Весной 98-го по выходным мы довольно часто бывали в К… С моими друзьями вышел, конечно, разброд в связи со всей этой моей историей. И не только Вестницкие дулись на меня. В троллейбусе однажды повстречал Аню, жену Якова Бермана (не уверен, на тот момент были ли они уже женаты, — по крайней мере, на свадьбу в Н… я приглашён не был), и мы поговорили холодно, отчуждённо. Вышло ведь так, что на момент моего пламенного знакомства с Поли на четвертом курсе, они как раз тогда с Аней были подругами и вместе ходили на уроки по вождению. Потом, под всю эту историю, Аня познакомилась с моим лучшим институтским другом Яковом и докатилось тоже как-то до их свадьбы. У Ани был дивный голос, безупречный слух; петь с ней дуэтом было одно наслаждение. Я думаю, и она, и я в какой-то момент чувствовали, что между нами всё не так просто, как оно выглядит. Помню даже, в некую весёлую секунду во хмелю я как бы в шутку поцеловал её; однако, в момент поцелуя, несмотря на хмель, я чувствовал, что только прячусь за ширмой шутовства, меня на самом деле очень сильно тянуло это сделать. Это всё музыка; Лев Толстой в своей «Крейцеровой сонате» очень живо расписал, как это работает. Вначале, внешне мне она не казалась красивой, но в какой-то момент я даже немного завидовал Якову. Волна эйфории по Поли спала, и я тогда уже осознал, что и по внешним факторам (не говоря уж о голосе) она явно Поли обходит. Но она была с Яковом, я — с Поли, и всё было пристойно и сдержанно, без глупостей, даже на уровне чувств. Яков привечал меня в своей комнатухе в первой общаге аж целых пять курсов, уходя жить ко мне на мамину кормёжку на период сессии. Он слегка надмевался надо мной, иногда учил жить, но я сильно не возражал. Однако на шестом курсе мы разошлись по разным группам, и как-то так вышло, что и совсем почти разошлись; встречались редко. Яков был гораздо более коммуникабелен, чем я; он общался и с 17-й группой, мельком знал и Алину. Поэтому точно не могу сказать, с чем была связана эта холодность при встрече с Аней. Они же не были настолько уж близкими подругами с Поли, да и сама Поли большого зла на меня не держала. Возможно, Яков дулся на меня по какой-то другой (наверняка незначительной) причине. Но я мог предполагать, что и тут идёт какая-то реакция по типу реакции Вестницких. Поэтому хорошего настроения мне эта встреча не добавила.
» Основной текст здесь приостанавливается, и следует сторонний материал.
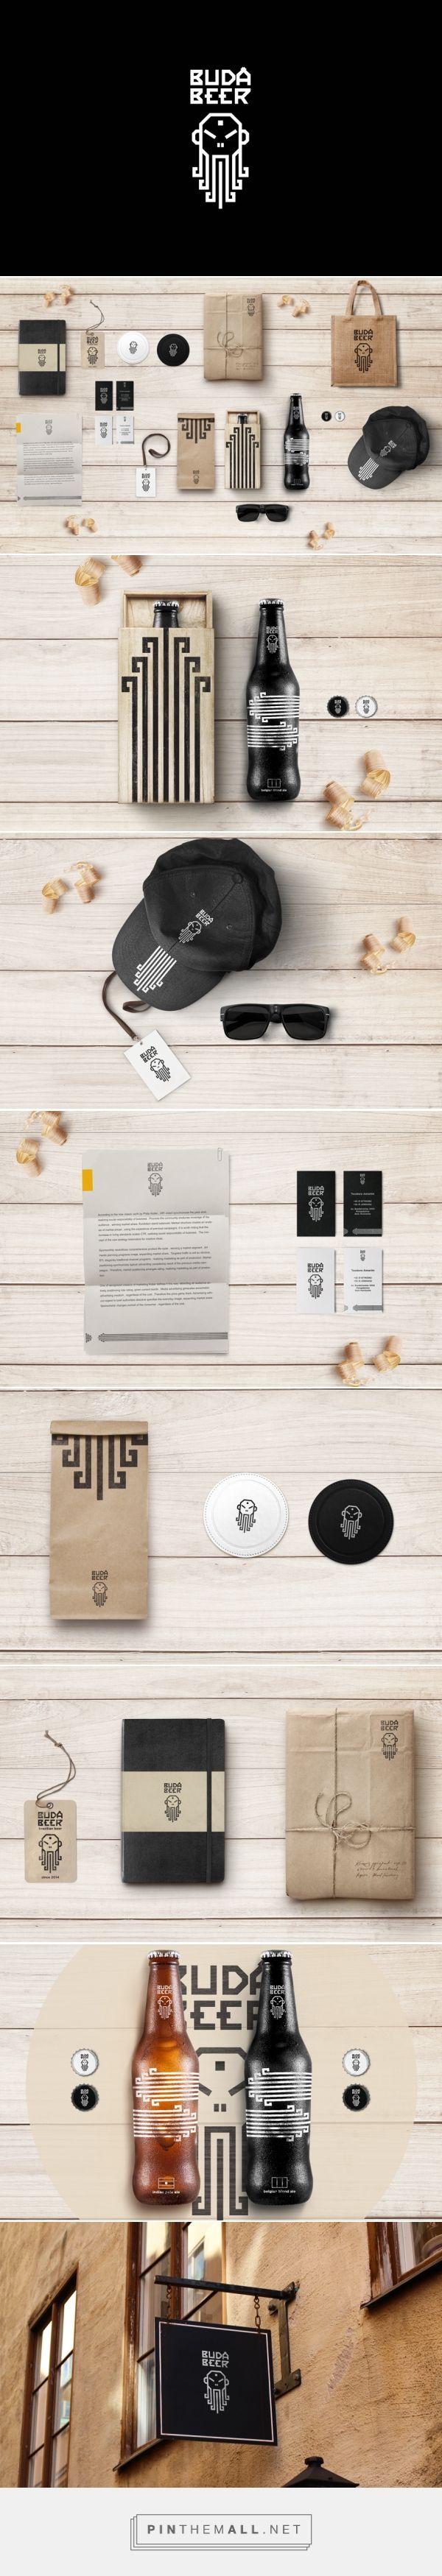 Buda Beer Bottles - Packaging of the World - Creative Package Design Gallery - http://www.packagingoftheworld.com/2016/10/buda-beer.html
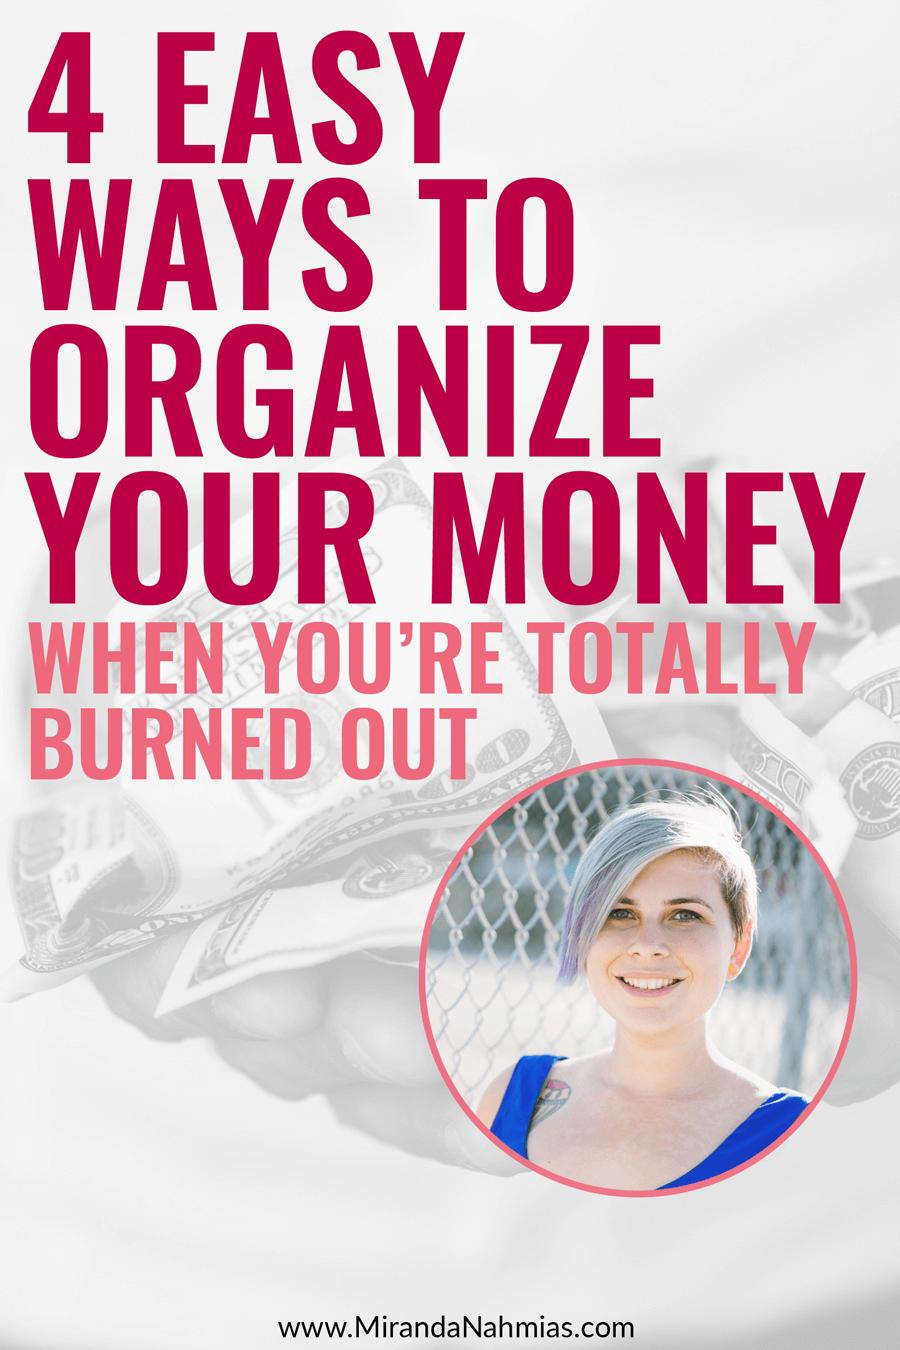 4 Easy Ways to Organize Your Money When You're Totally Burned Out // Miranda Nahmias

Такая же тема была и с Мишкой Шигарёвым. Он хотя и был тесно связан с Вестницкими, но видимо не собирался мне устраивать такой же глупый бойкот. И, тем не менее, и у него, мне казалось, не получалось соблюдать полный нейтралитет. Как раз по весне мы встретились на каком-то торжестве у Крабиных. Возвращались на троллейбусе втроём: я, он и Алина. Шигарёв был хмур, матерился не особо в дело. У него вообще с матерщиной всегда было «хорошо», и он редко находил нужным под кого-то прогибаться в этом отношении. Но тогда мне показалось, что он делает это демонстративно как бы в сторону Алины, и я видел, как ей это неприятно. В своё время он, правда, и к Поли как-то так же пренебрежительно отнёсся, но со временем привык к ней и относился более чем нейтрально, даже почти любовно. Впрочем, к чести Шигарёва стоит сказать, что, исключая Вестницкого, он, пожалуй, ко всем, с кем общался, относился почти одинаково. Но я и в той ситуации почувствовал этот неприятный, гнетущий холодок отчуждения. Снова было грустно. Выходило, что со стороны моих друзей, кроме Государева и совсем чуть-чуть Крабиных никому особо не было дела до нас и всех этих наших просцовских мытарств.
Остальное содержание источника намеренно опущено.